Un principio sempre più estremizzato, tanto da non riguardare vestiario e moda bensì lo stesso colore della pelle. Ebbene sì, in Africa vi è il boom di cosmetici e pillole volte a rendere bianche le donne africane.

Si tratta di una vera e propria inquietante corsa allo scolorimento della pelle: ragazze, adolescenti, oppure anche mamme, appaiono invogliate ad intervenire con ogni tipo di prodotto pur di essere meno nere possibili. Si registrano anche episodi in cui alcune donne in gravidanza assumono pillole con l’obiettivo di far nascere la propria figlia con un colore più chiaro della pelle.
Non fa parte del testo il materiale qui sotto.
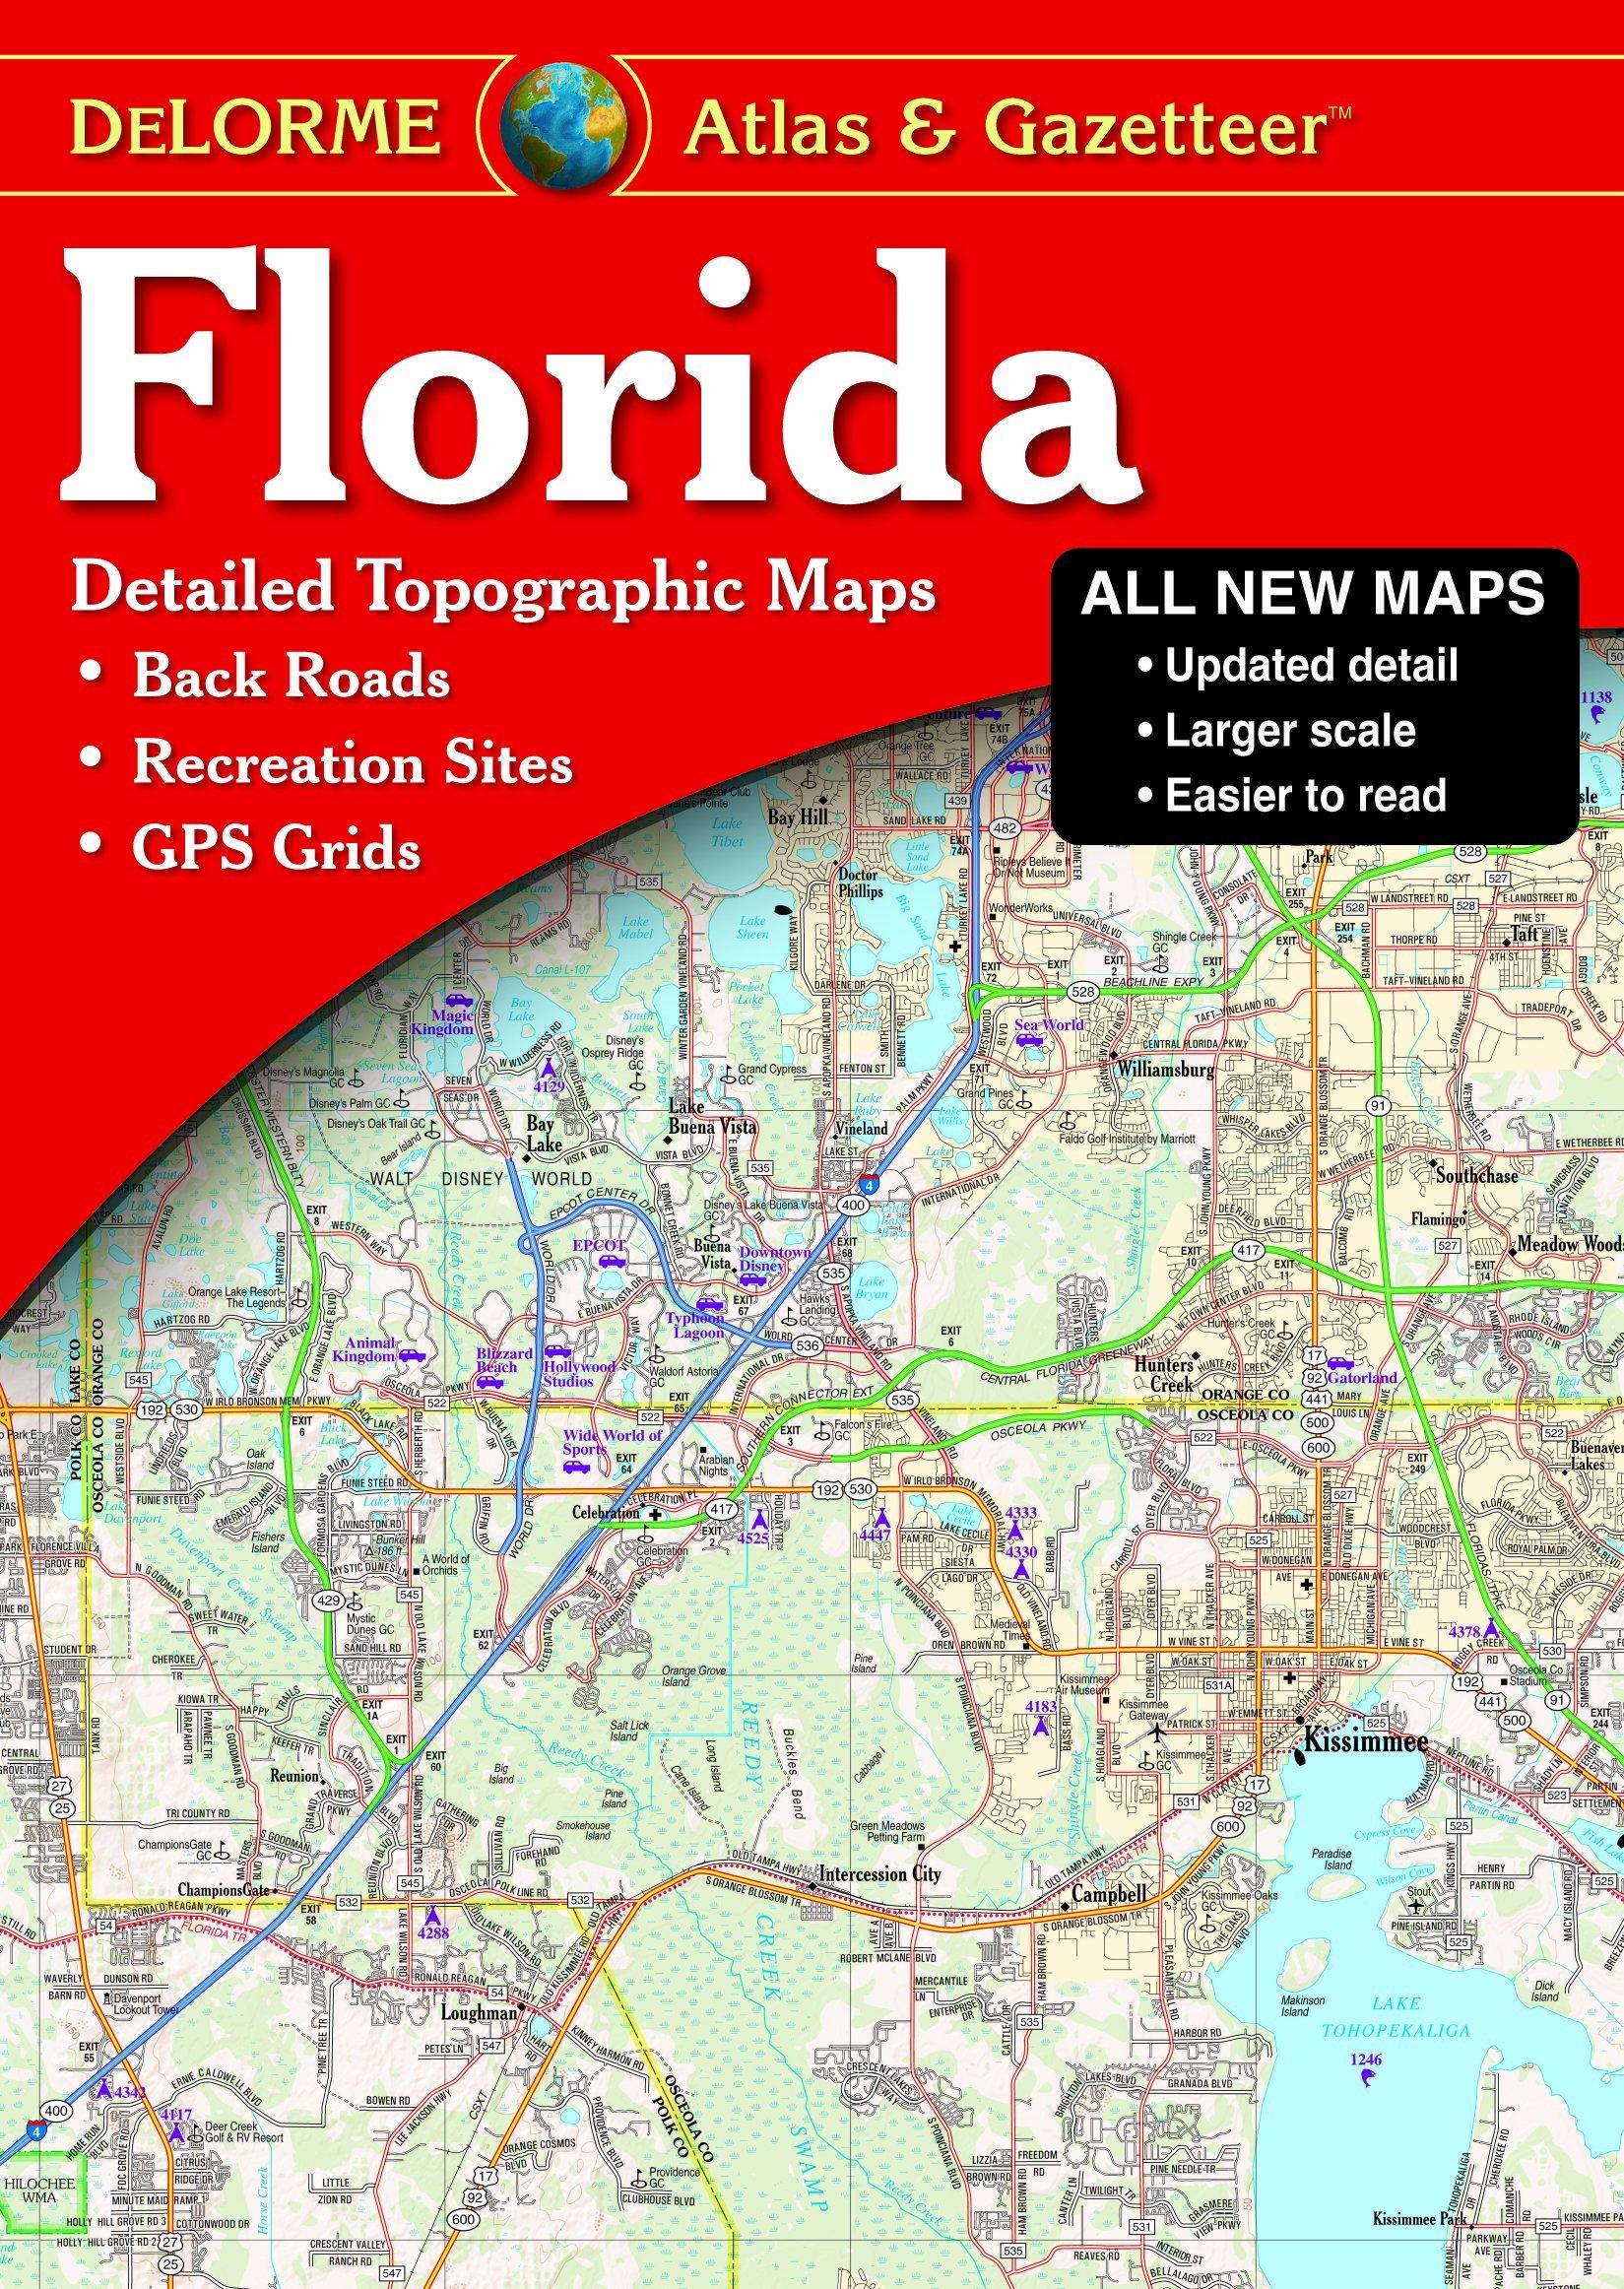 Map Of Florida Detailed.Florida Atlas Gazetteer Detailed Topographic Maps Back Roads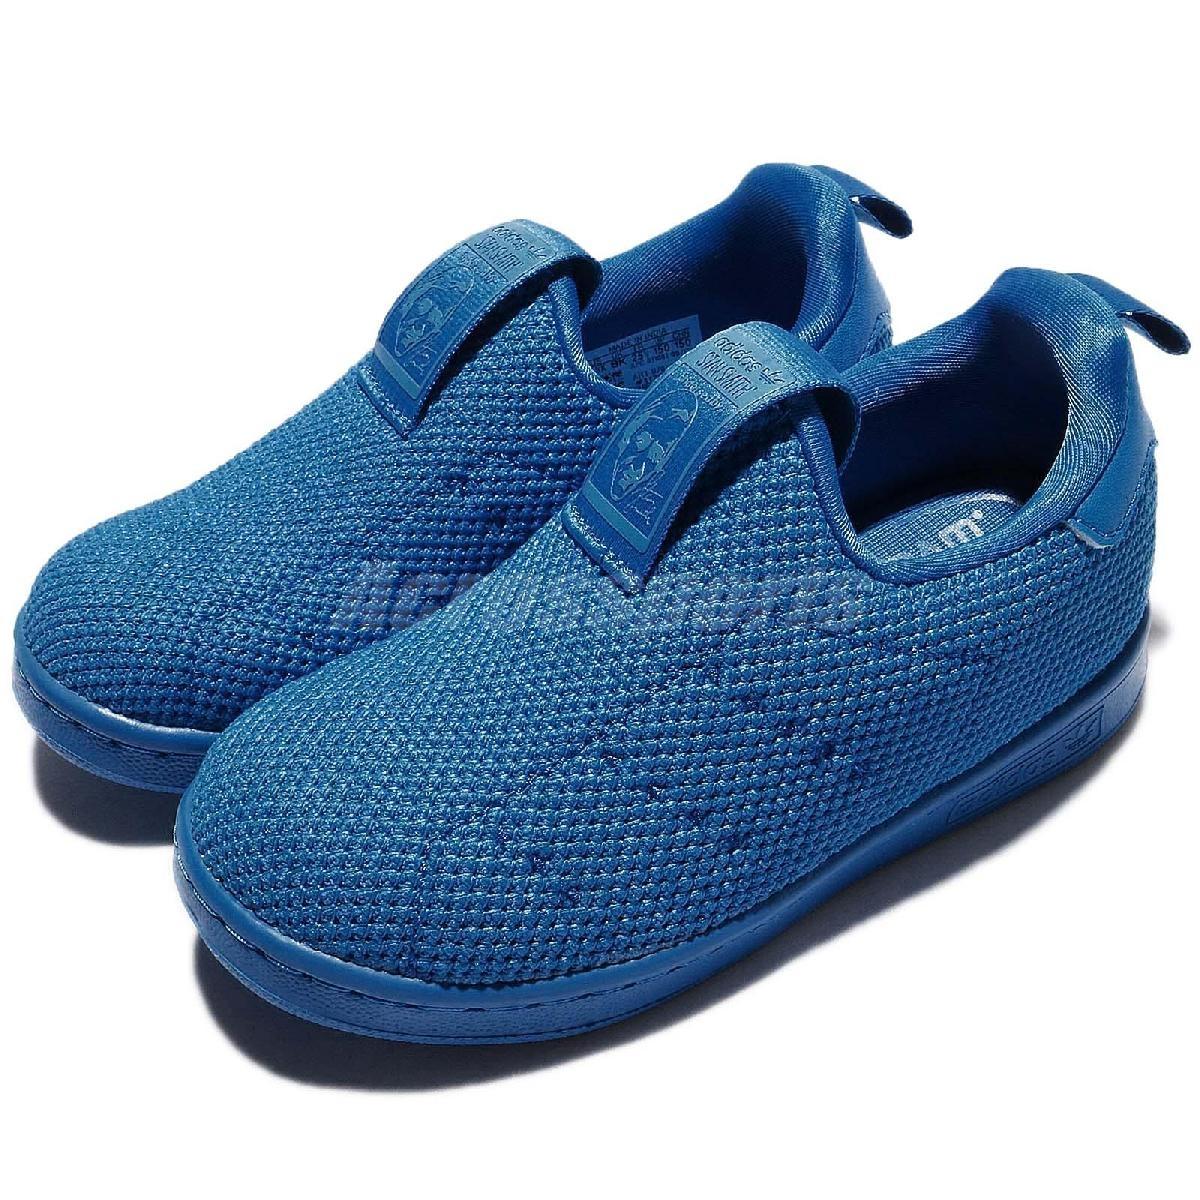 adidas 休閒鞋 Stan Smith 360 SC I 藍 基本款 襪套式 無鞋帶 童鞋 小童鞋【PUMP306】 BZ0551

Un’usanza aberrante da un punto di vista etico, ma anche pericolosa sotto il profilo della salute. Diversi medici a Lagos, ad esempio, vedono arrivare al pronto soccorso anche bambine con ustioni e danni provocati da creme ed altri prodotti sbiancanti. Proprio nella metropoli nigeriana, nei mesi scorsi la modella Blac Chyna, tra le più famose del continente, finisce nella bufera mediatica perchè promuove una gamma di prodotti volti a rendere chiara la pelle.

Un allarme che va dalla più grande metropoli nigeriana, fino ad Accra nel Ghana, così come a Pretoria e Johannesburg in Sudafrica. Proprio qui, nella nazione il cui simbolo è Nelson Mandela ed in cui per anni si è lottato per l’emancipazione della popolazione di colore, molte donne fanno la corsa a prodotti sbiancanti.

Tutto questo perché, come rivelano i fautori della campagna social #Melaninpoppin, in Africa si sta diffondendo la convinzione che si può avere più successo se si assomiglia di più ad una donna occidentale. Una moda macabra, che coinvolge sia i ceti benestanti ma anche medi. In Nigeria ad esempio, dove il fenomeno appare più diffuso, diverse associazioni di medici sottolineano la gravità della situazione e denunciano numeri sempre più importanti di donne con gravi problemi di salute per l’uso di prodotti sbiancanti.

Su La Stampa, in un articolo viene riportata l’esperienza di una donna medico che a Lagos oramai affronta vere e proprie emergenze derivanti dall’assunzione di pillole o dall’uso di creme indicate come sbiancanti.

Una moda che si diffonde soprattutto via social: su Instagram ad esempio, diverse giovani “influencer” africane mostrano quali prodotti usare e che metodi applicare per diventare più bianche. Una moda che pone poi problemi di altro genere: sempre in Nigeria ad esempio, un barattolo di crema sbiancante costa quanto lo stipendio medio di un impiegato.

In poche possono permetterselo e così ci si rivolge al mercato della contraffazione. Il risultato è che centinaia di ragazze nigeriane e non solo hanno addosso, tra creme e pillole, prodotti pericolosi e non certificati con sostanze tossiche che rischiano di creare problemi soprattutto alla salute. In Sudafrica nei giorni scorsi fa scalpore la pubblicazione di uno studio del British Journal of Dermatology, da cui si evince che una donna su tre a Durban, città costiera del paese, usa prodotti sbiancanti con sostanze vietate dal governo.

Un fenomeno preoccupante ed in continua crescita, un’esasperazione della volontà di omologazione ai canoni estetici universali, che fa quasi vergognare della propria pelle nera migliaia di ragazze africane.

Una situazione impensabile fino a pochi anni fa, su cui adesso diverse associazioni accendono i riflettori chiedendo agli stessi governi africani di intervenire.